21. Catastrophic Forgetting
Chapter 21 of 24 · 20 min
Alignment training can cause models to forget capabilities they had before training. This catastrophic forgetting is a fundamental challenge in continued training.
The Forgetting Mechanism
When optimizing for alignment, the model updates weights that may have been important for other tasks:
def measure_capability_forgetting(model, aligned_model, capability_tasks):
"""
Measure how much the aligned model has forgotten capabilities.
"""
forgetting_scores = {}
for task in capability_tasks:
original_performance = evaluate(model, task)
aligned_performance = evaluate(aligned_model, task)
forgetting = original_performance - aligned_performance
forgetting_scores[task] = {
"original": original_performance,
"aligned": aligned_performance,
"forgetting": forgetting,
"relative_loss": forgetting / original_performance
}
return forgetting_scores
Gradient Interference
Different training objectives compete for model weights:
def analyze_gradient_interference(task1_gradients, task2_gradients):
"""
Measure how much gradients from different tasks interfere.
High interference = high forgetting risk.
"""
# Cosine similarity between gradients
similarity = torch.nn.functional.cosine_similarity(
task1_gradients.flatten(),
task2_gradients.flatten(),
dim=0
)
# Negative similarity = interference
interference = -similarity.item()
return {
"gradient_similarity": similarity.item(),
"interference_score": interference,
"warning": interference > 0.5
}
Mitigation Strategies
Mixed Batch Training:
def mixed_batch_training(model, alignment_data, capability_data, ratio=0.7):
"""
Alternate between alignment and capability batches.
"""
while training:
# Alignment batch
alignment_batch = sample(alignment_data, batch_size=32)
align_loss = compute_alignment_loss(model, alignment_batch)
# Capability preservation batch
capability_batch = sample(capability_data, batch_size=32)
capability_loss = compute_capability_loss(model, capability_batch)
# Weighted combination
total_loss = ratio * align_loss + (1 - ratio) * capability_loss
total_loss.backward()
optimizer.step()
Replay Buffer:
def replay_buffer_training(model, buffer, new_data, buffer_ratio=0.2):
"""
Mix new alignment data with replay from capability training.
"""
combined_batch = []
# Sample from replay buffer (capability-preserving examples)
replay_samples = buffer.sample(int(batch_size * buffer_ratio))
combined_batch.extend(replay_samples)
# Add new alignment data
new_samples = sample(new_data, int(batch_size * (1 - buffer_ratio)))

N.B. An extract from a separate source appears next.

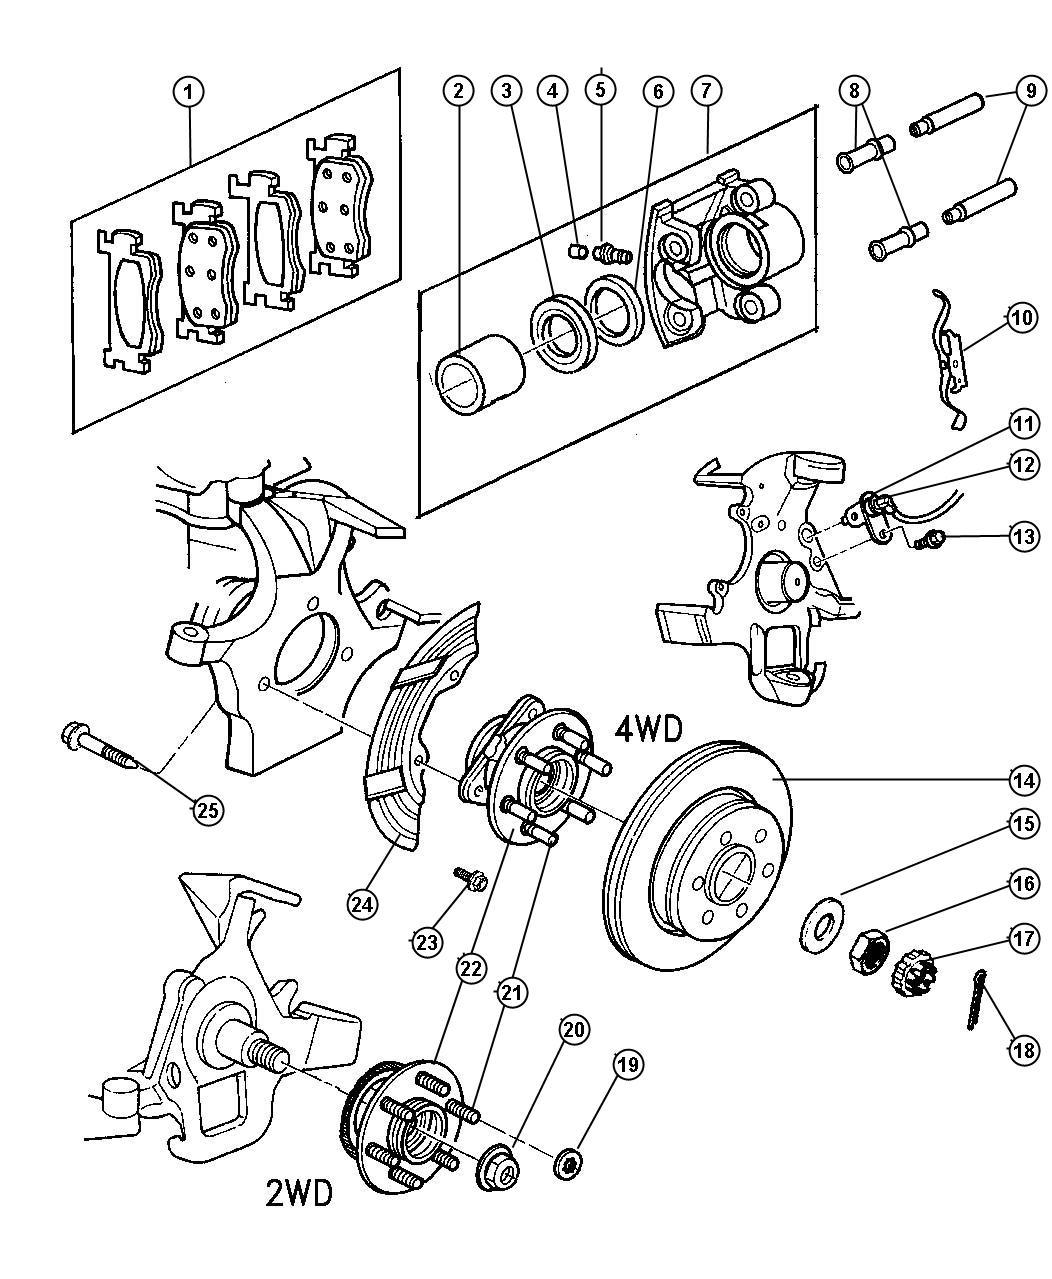 Dodge Durango Nut Hex Flange M22x1 25 Bearing Hub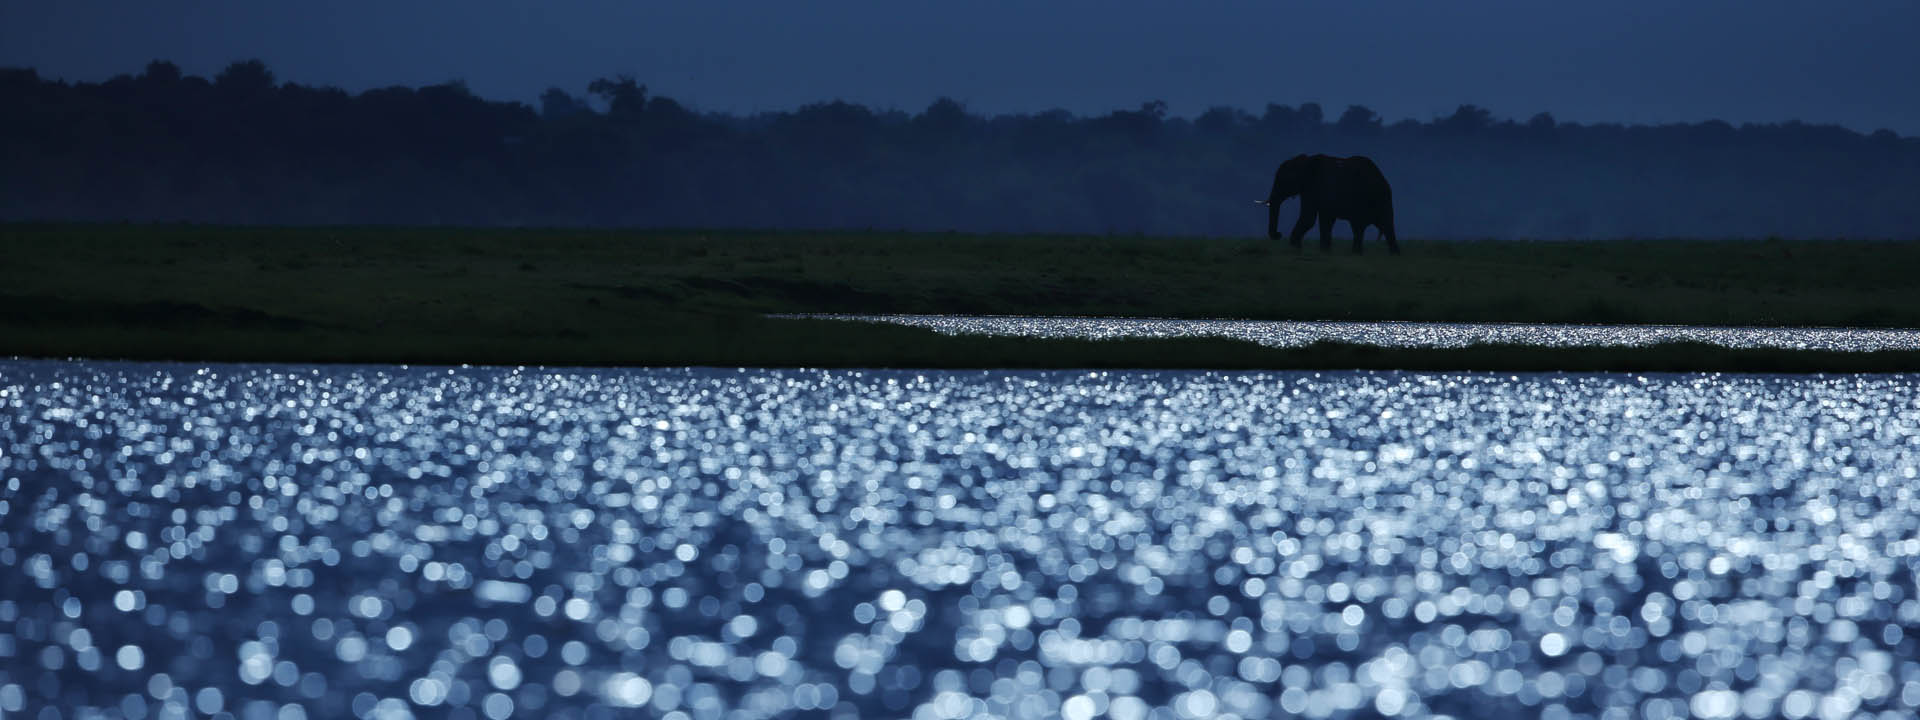 Elefant abends am Chobe

combined_batch.extend(new_samples)
loss = compute_alignment_loss(model, combined_batch)
loss.backward()
EWC: Elastic Weight Consolidation:
def ewc_penalty(model, fisher_matrix, optimal_params, lambda_ewc=1000):
"""
Penalize changes to important parameters (identified by Fisher matrix).
"""
penalty = 0.0
for name, param in model.named_parameters():
if name in fisher_matrix:
penalty += lambda_ewc * torch.sum(
fisher_matrix[name] * (param - optimal_params[name]) ** 2
)
return penalty
EXERCISE
Train an alignment model for 5 epochs and measure forgetting on 3 capability tasks (math, coding, factual recall). Plot the tradeoff curve between alignment improvement and capability degradation.